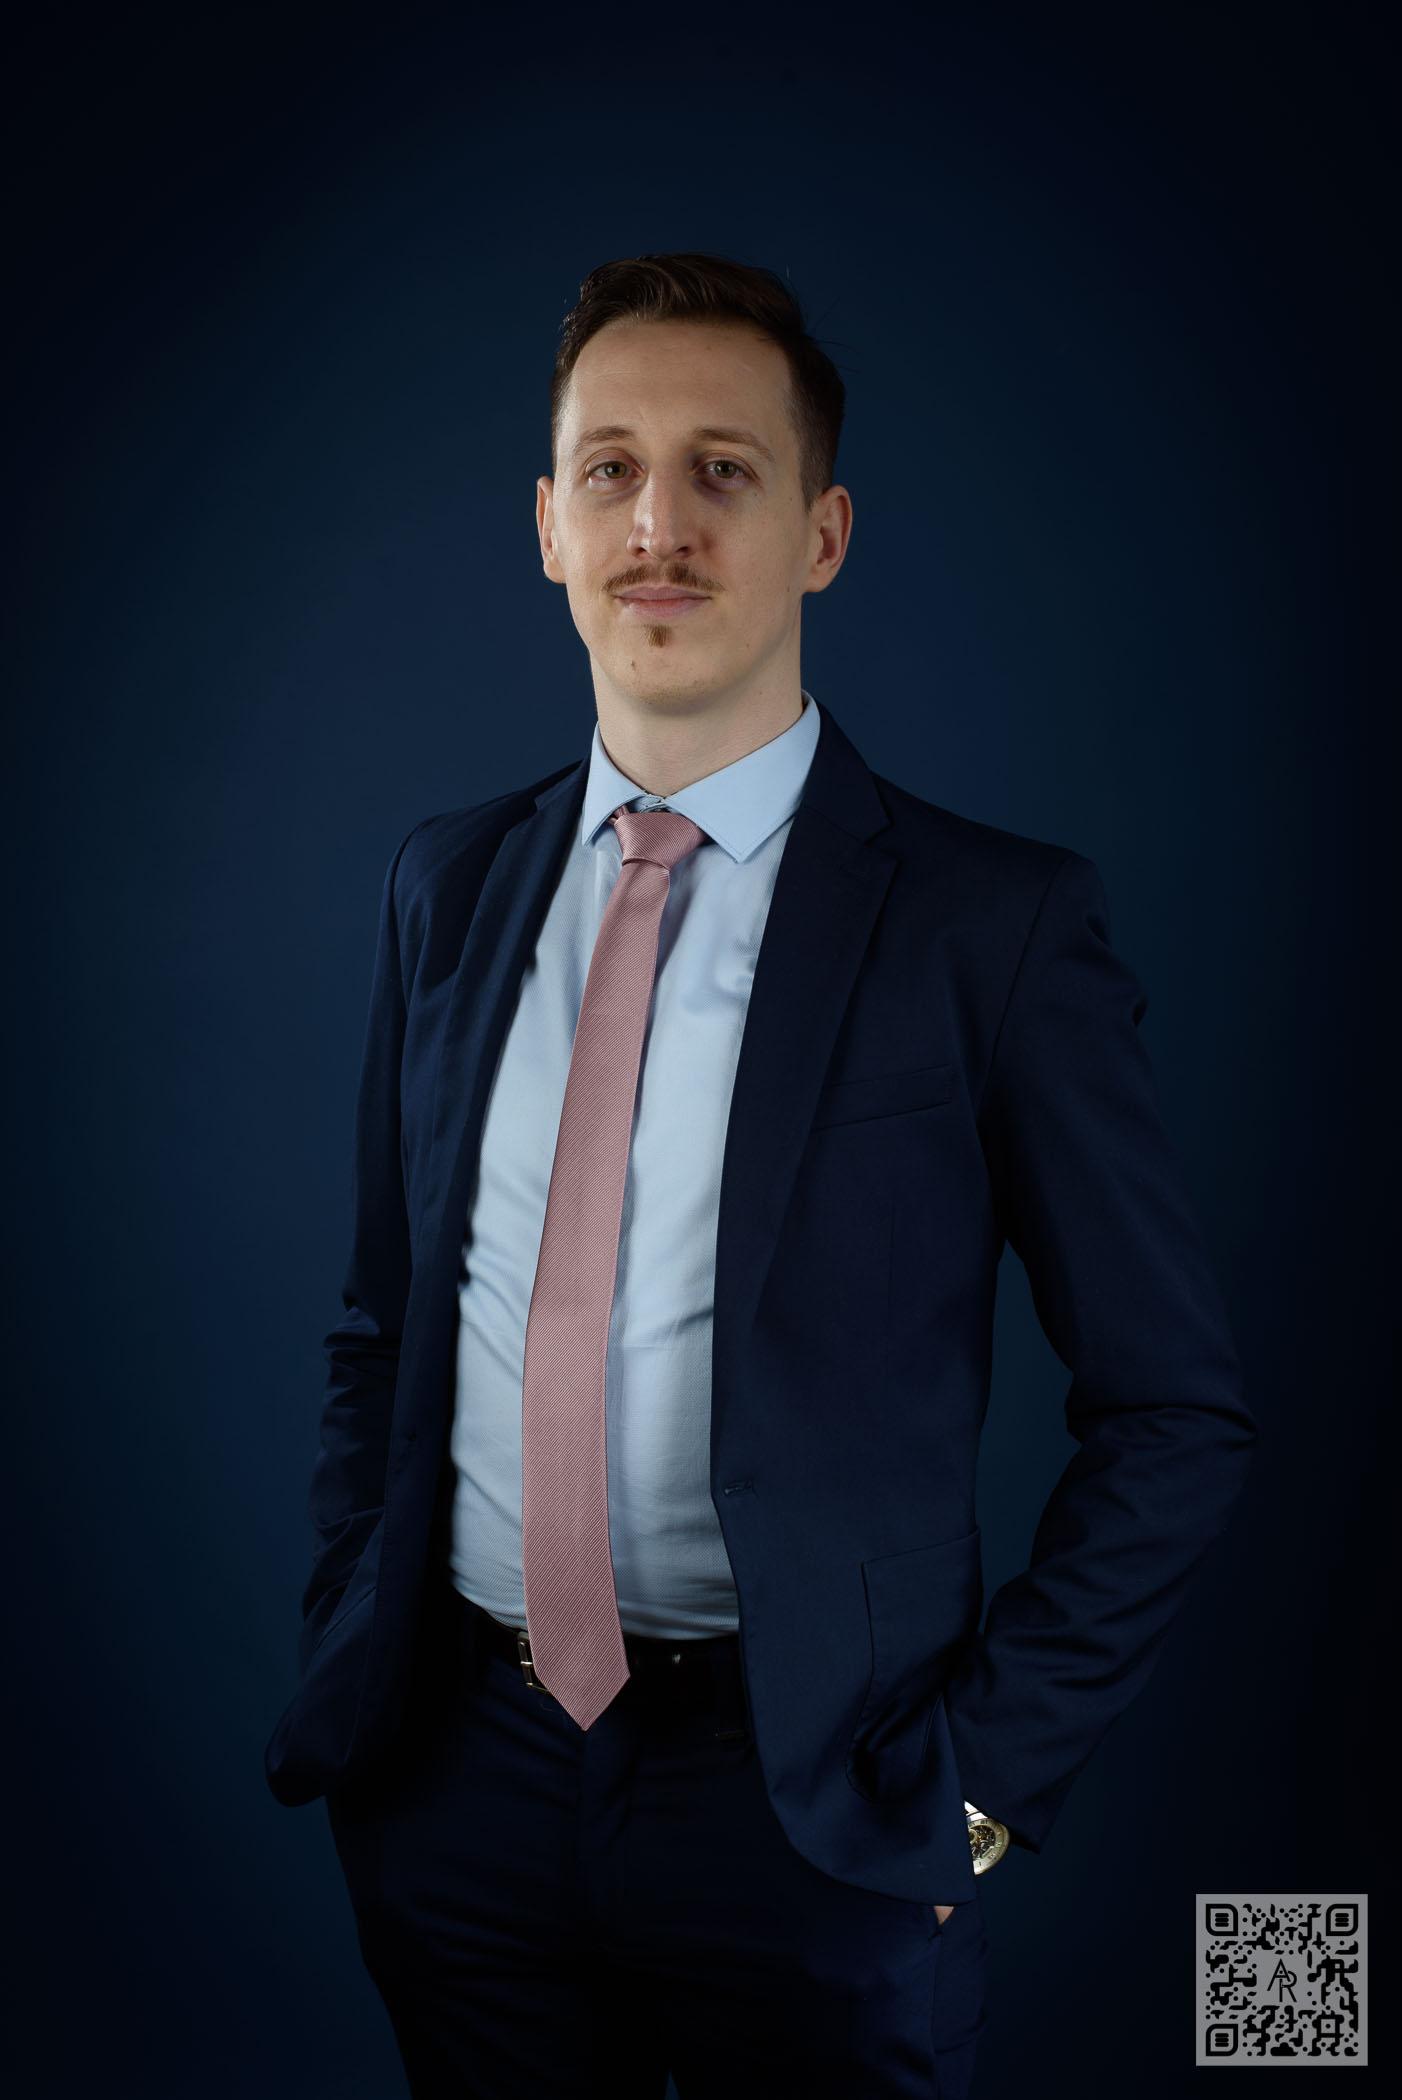 Stefan Bunazioiu – Suit Up
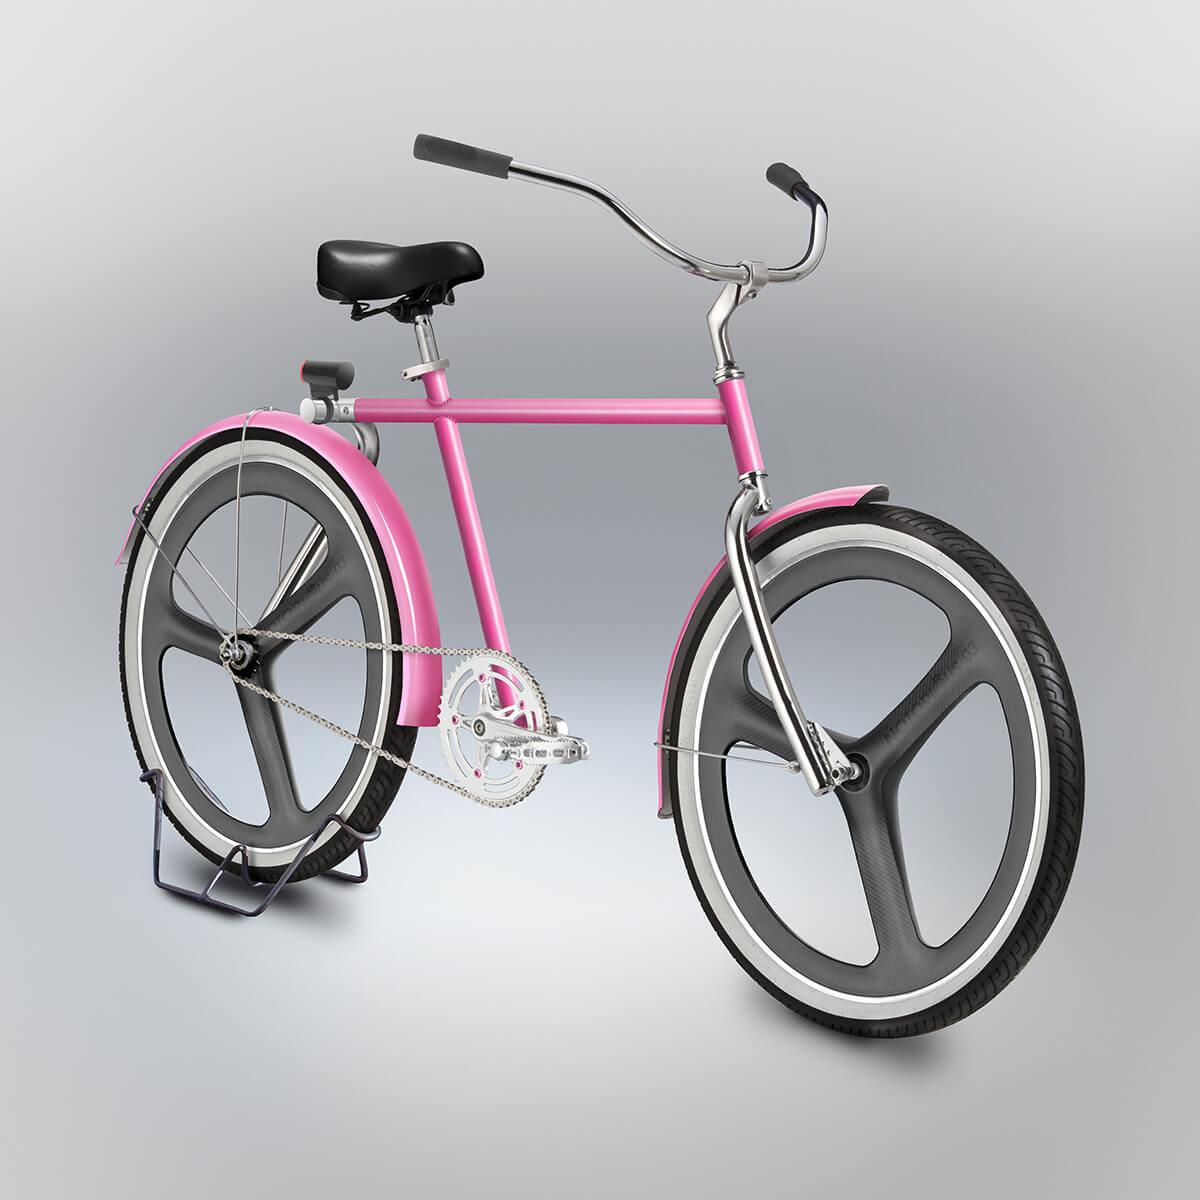 gianluca-gimini-bikes-22
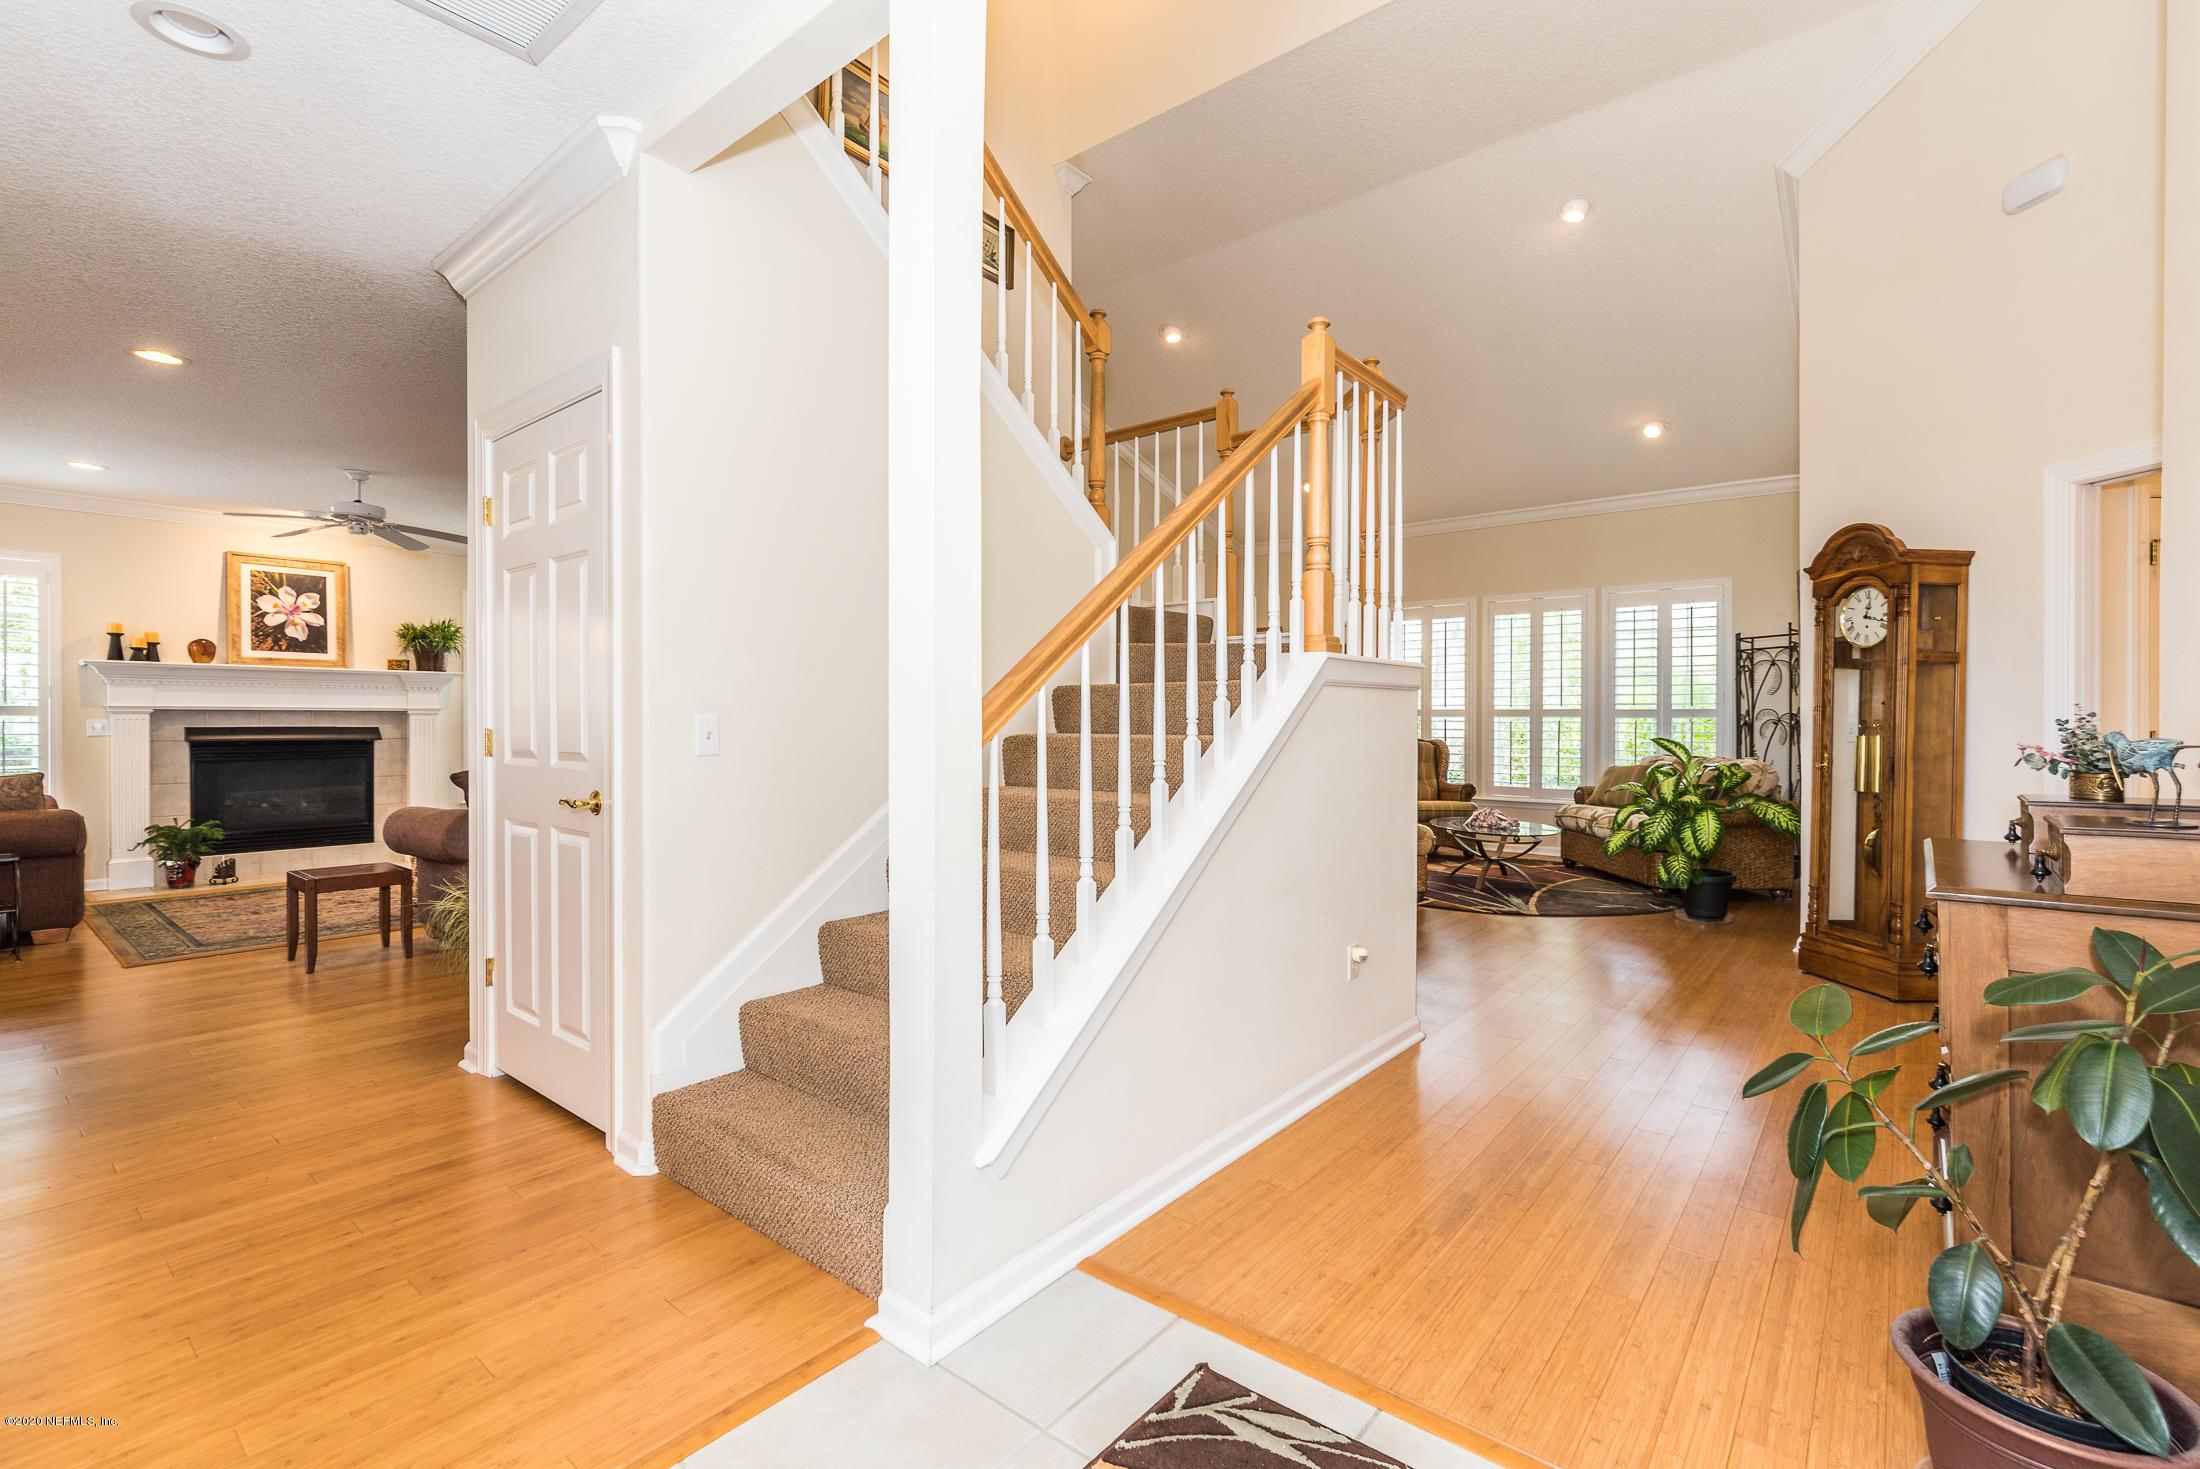 826 SUMMER BAY, ST AUGUSTINE, FLORIDA 32080, 3 Bedrooms Bedrooms, ,2 BathroomsBathrooms,Residential,For sale,SUMMER BAY,1037629

*-*-*

Retype the listing above exactly, please. Pictures do not belong in the copy.

 Stefan Bunazioiu – Suit Up
 gianluca-gimini-bikes-22
 826 SUMMER BAY, ST AUGUSTINE, FLORIDA 32080, 3 Bedrooms Bedrooms, ,2 BathroomsBathrooms,Residential,For sale,SUMMER BAY,1037629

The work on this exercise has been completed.